Department of Biostatistics, Epidemiology and Informatics, University of Pennsylvania Perelman School of Medicine, Philadelphia, Pennsylvania, USA.
Stat Med. 2024 Nov 20;43(26):4913-4927. doi: 10.1002/sim.10192. Epub 2024 Sep 9.
Clustering functional data aims to identify unique functional patterns in the entire domain, but this can be challenging due to phase variability that distorts the observed patterns. Curve registration can be used to remove this variability, but determining the appropriate level of warping flexibility can be complicated. Curve registration also requires a target to which a functional object is aligned, typically the cross-sectional mean of functional objects within the same cluster. However, this mean is unknown prior to clustering. Furthermore, there is a trade-off between flexible warping and the number of resulting clusters. Removing more phase variability through curve registration can lead to fewer remaining variations in the functional data, resulting in a smaller number of clusters. Thus, the optimal number of clusters and warping flexibility cannot be uniquely identified. We propose to use external information to solve the identification issue. We define a cross validated Kullback-Leibler information criterion to select the number of clusters and the warping penalty. The criterion is derived from the predictive classification likelihood considering the joint distribution of both the functional data and external variable and penalizes the uncertainty in the cluster membership. We evaluate our method through simulation and apply it to electrocardiographic data collected in the Chronic Renal Insufficiency Cohort study. We identify two distinct clusters of electrocardiogram (ECG) profiles, with the second cluster exhibiting ST segment depression, an indication of cardiac ischemia, compared to the normal ECG profiles in the first cluster.
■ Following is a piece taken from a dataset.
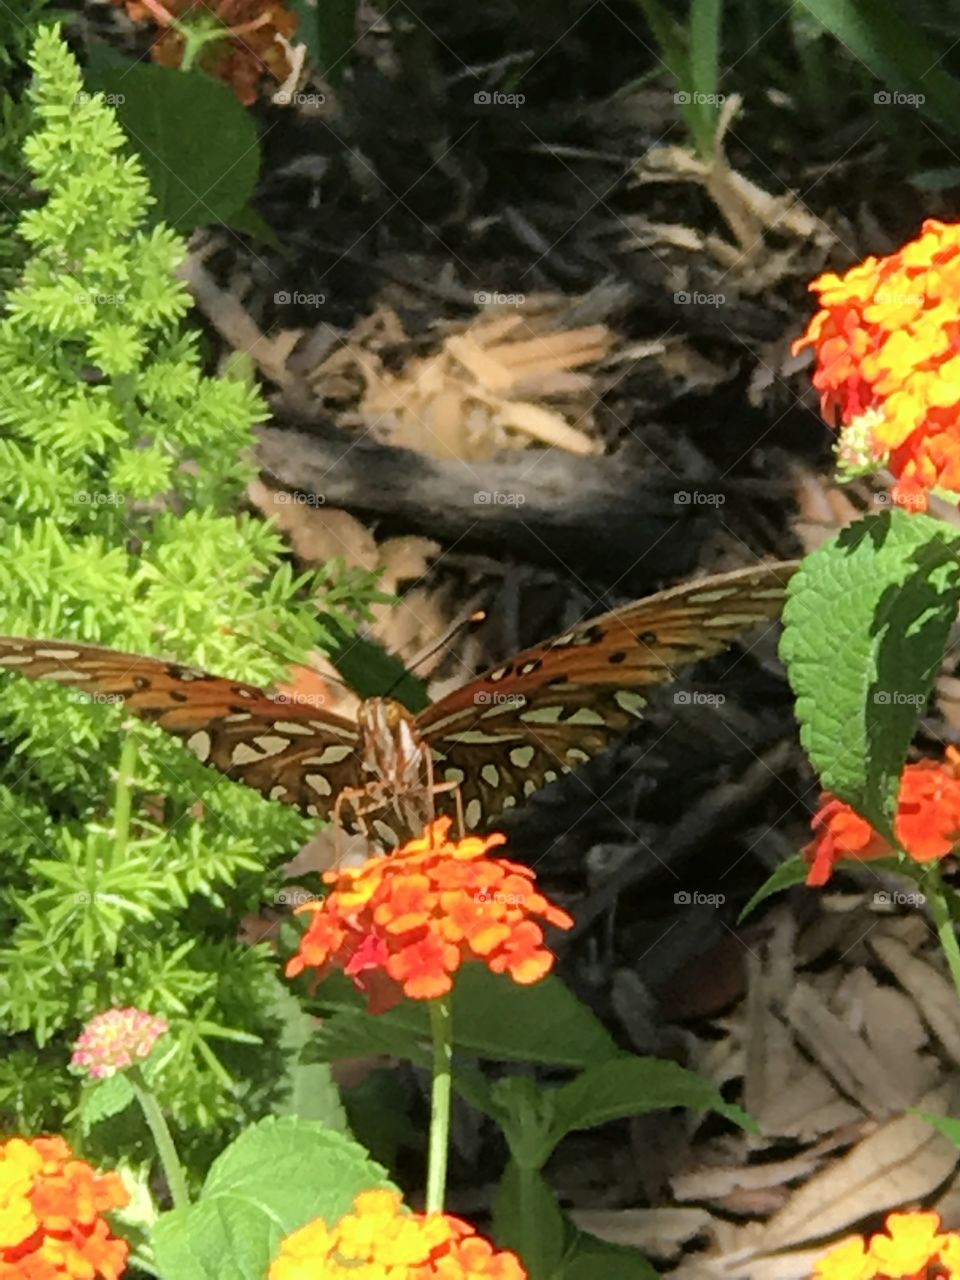 Butterfly on orange flowers

聚类功能数据旨在识别整个域中的独特功能模式,但由于相位变化会扭曲观察到的模式,因此这可能具有挑战性。曲线配准可用于消除这种可变性,但确定适当的扭曲灵活性水平可能很复杂。曲线配准还需要一个目标,将功能对象与该目标对齐,通常是同一聚类中功能对象的横截面平均值。然而,在聚类之前,平均值是未知的。此外,在灵活的扭曲和产生的聚类数量之间存在权衡。通过曲线配准消除更多的相位变化会导致功能数据中剩余的变化更少,从而导致聚类数量减少。因此,无法唯一确定最佳的聚类数量和扭曲灵活性。我们建议使用外部信息来解决识别问题。我们定义了一个交叉验证的 Kullback-Leibler 信息准则来选择聚类数量和扭曲惩罚。该准则源自考虑功能数据和外部变量联合分布的预测分类似然,并惩罚聚类成员身份的不确定性。我们通过模拟评估了我们的方法,并将其应用于慢性肾功能不全队列研究中收集的心电图数据。我们确定了两个不同的心电图 (ECG) 特征聚类,与第一聚类中的正常 ECG 特征相比,第二个聚类表现出 ST 段压低,表明存在心肌缺血。